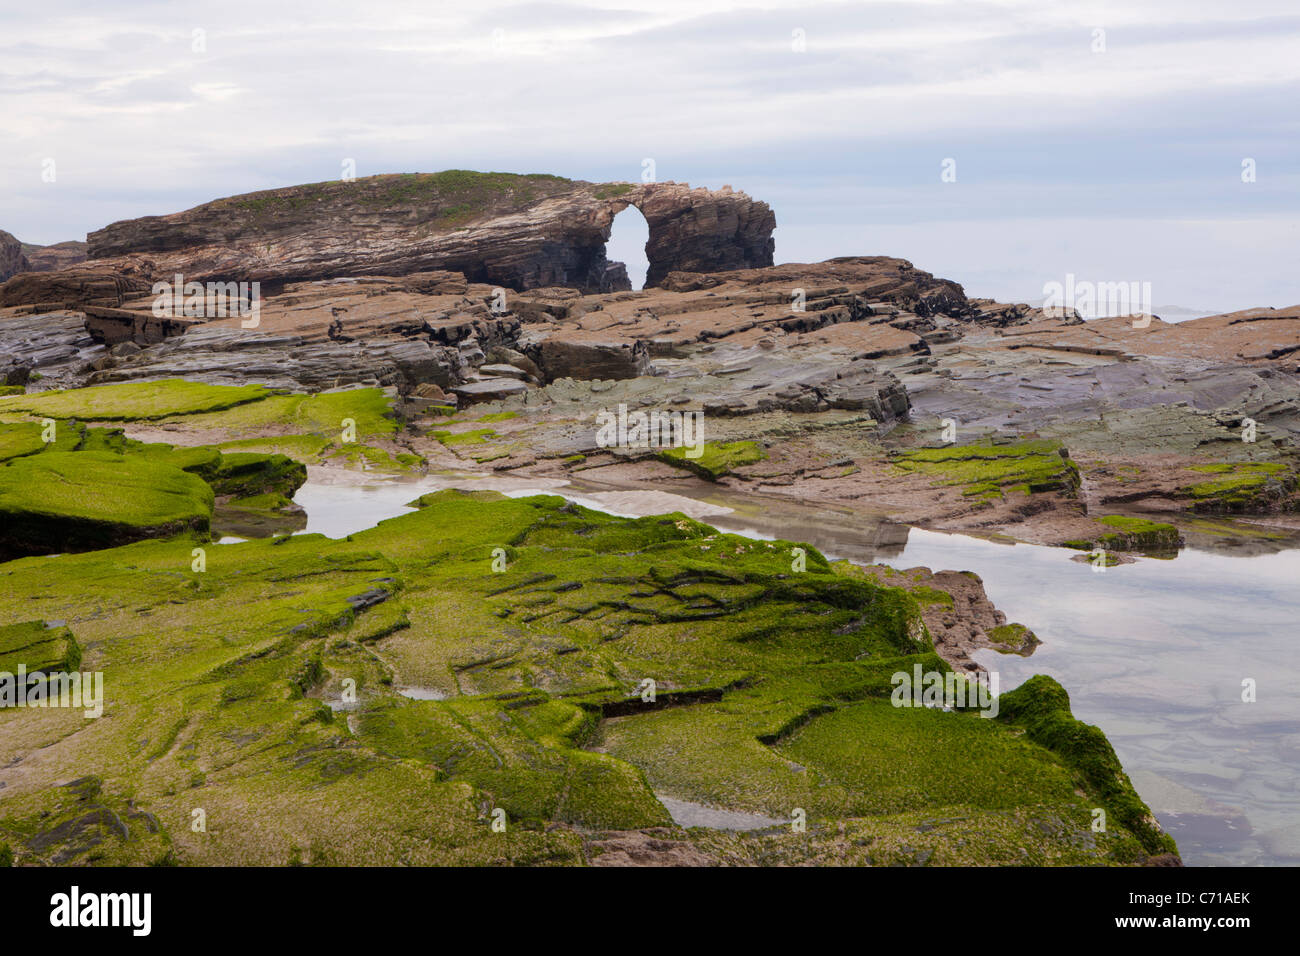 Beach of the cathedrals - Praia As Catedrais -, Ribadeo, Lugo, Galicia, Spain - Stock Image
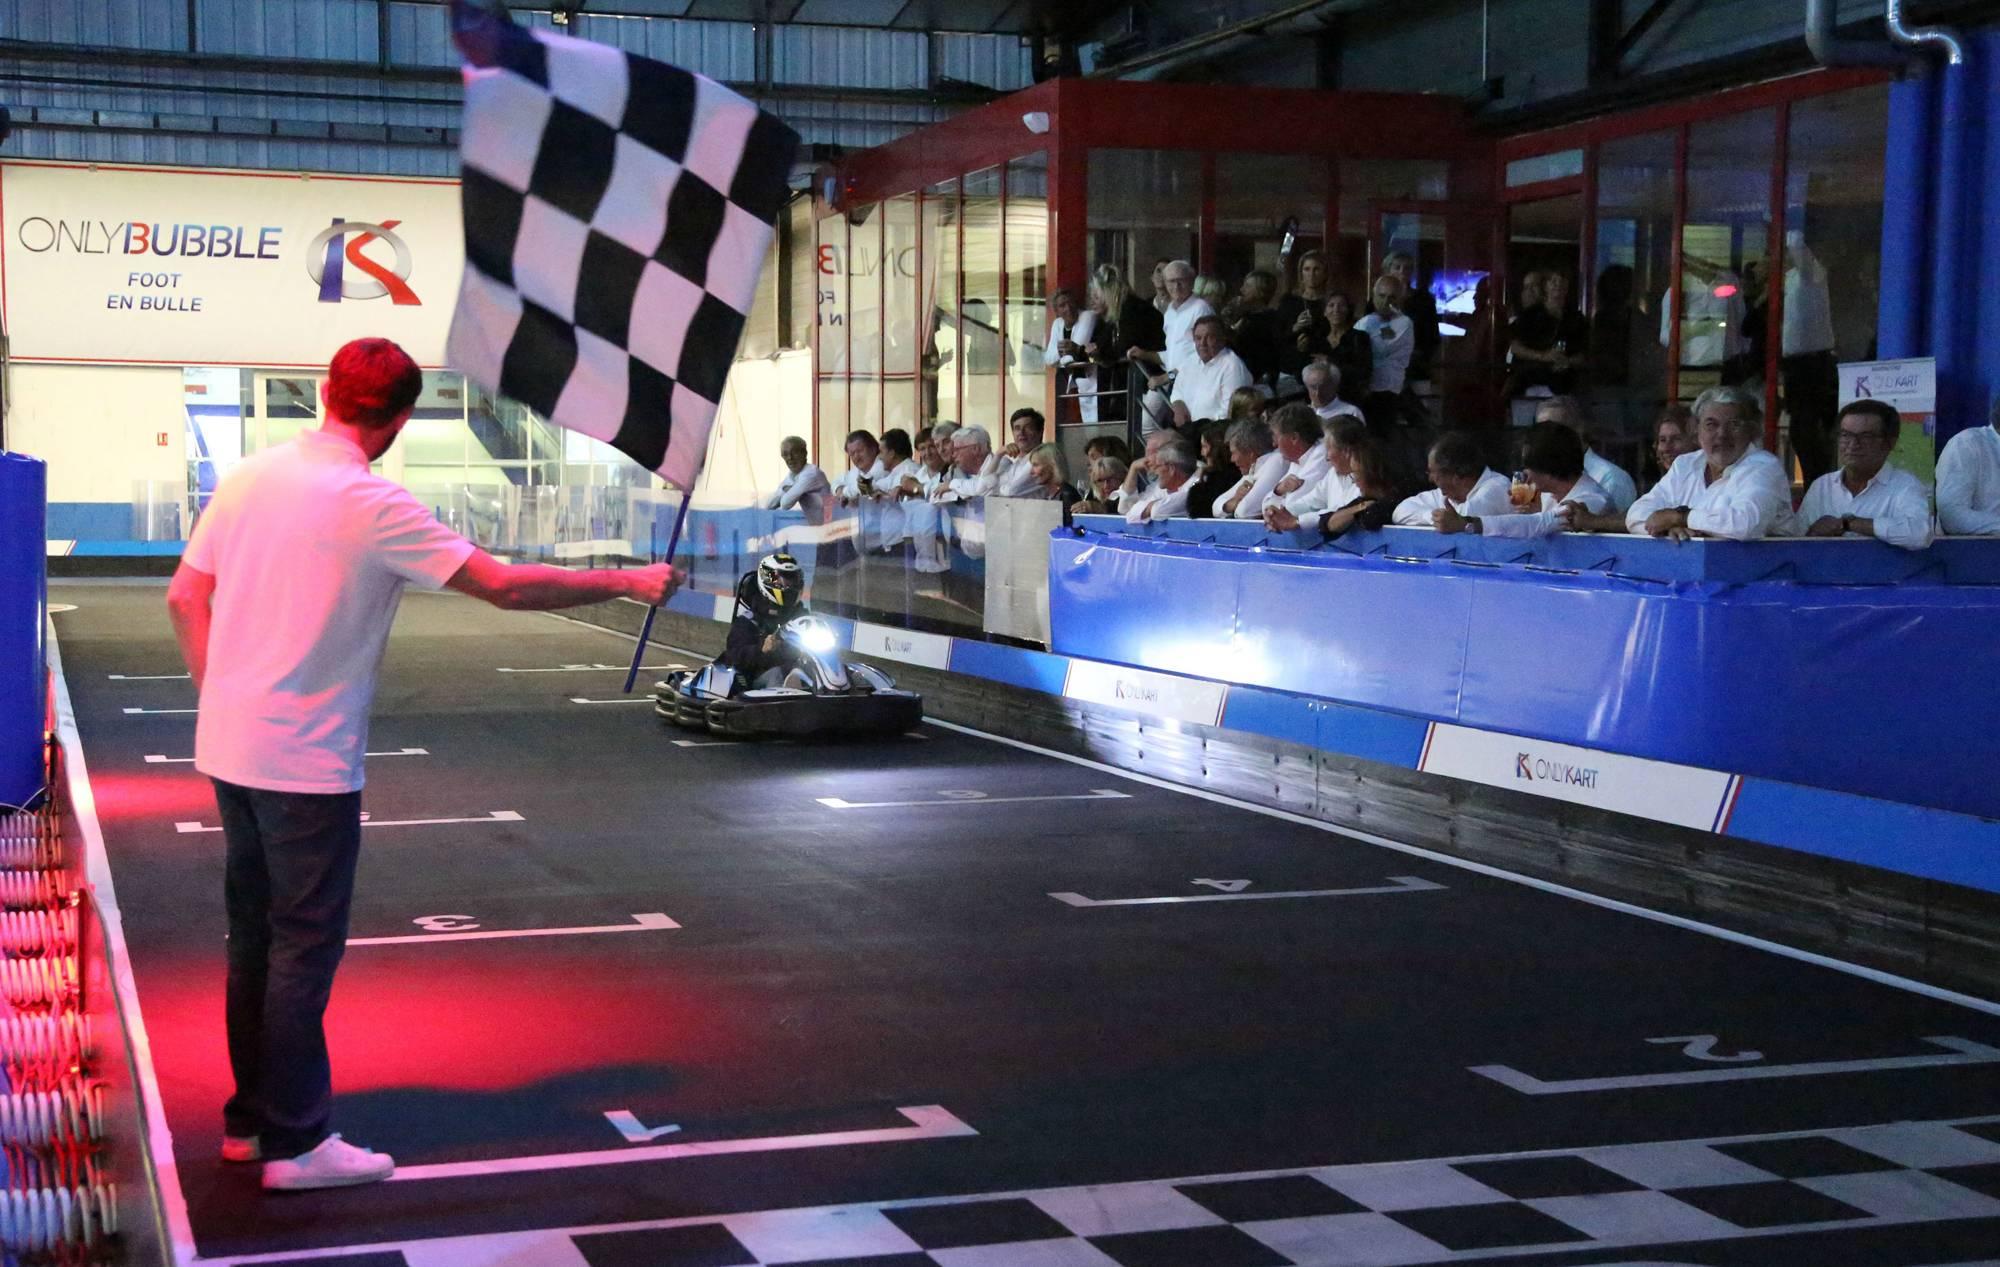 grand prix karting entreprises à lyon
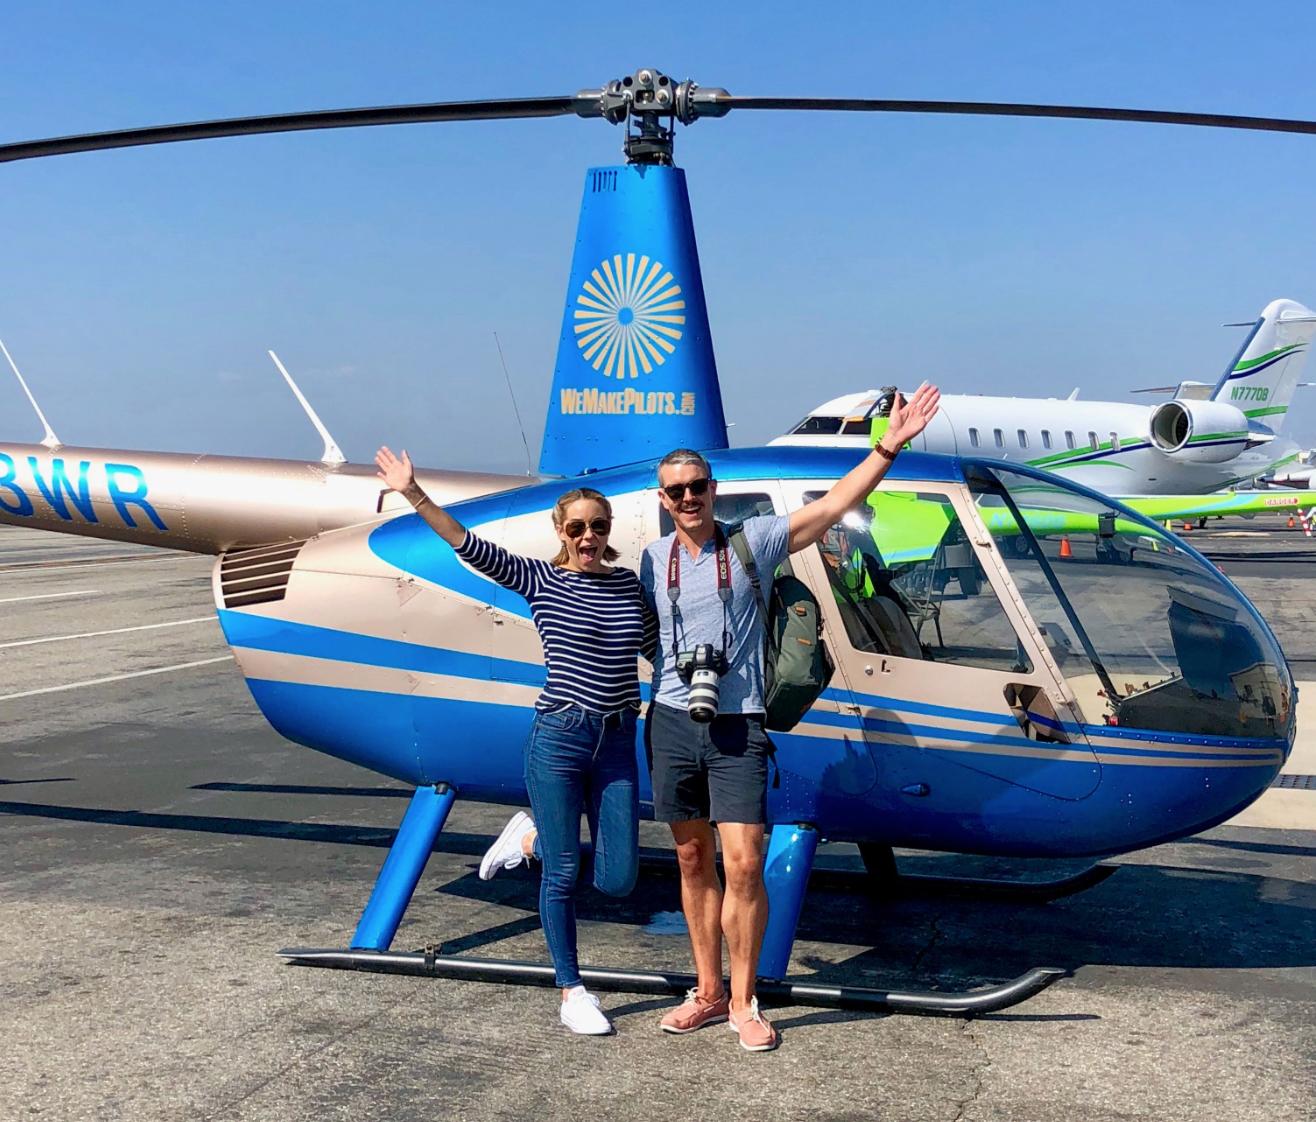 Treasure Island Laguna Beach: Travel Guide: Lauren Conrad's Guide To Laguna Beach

──────────

Exercise details:
Each line of the listing above must be given again exactly; the pictures are to be left out.

Task response:
 Beach of the cathedrals - Praia As Catedrais -, Ribadeo, Lugo, Galicia, Spain - Stock Image
 grand prix karting entreprises à lyon
 Treasure Island Laguna Beach: Travel Guide: Lauren Conrad's Guide To Laguna Beach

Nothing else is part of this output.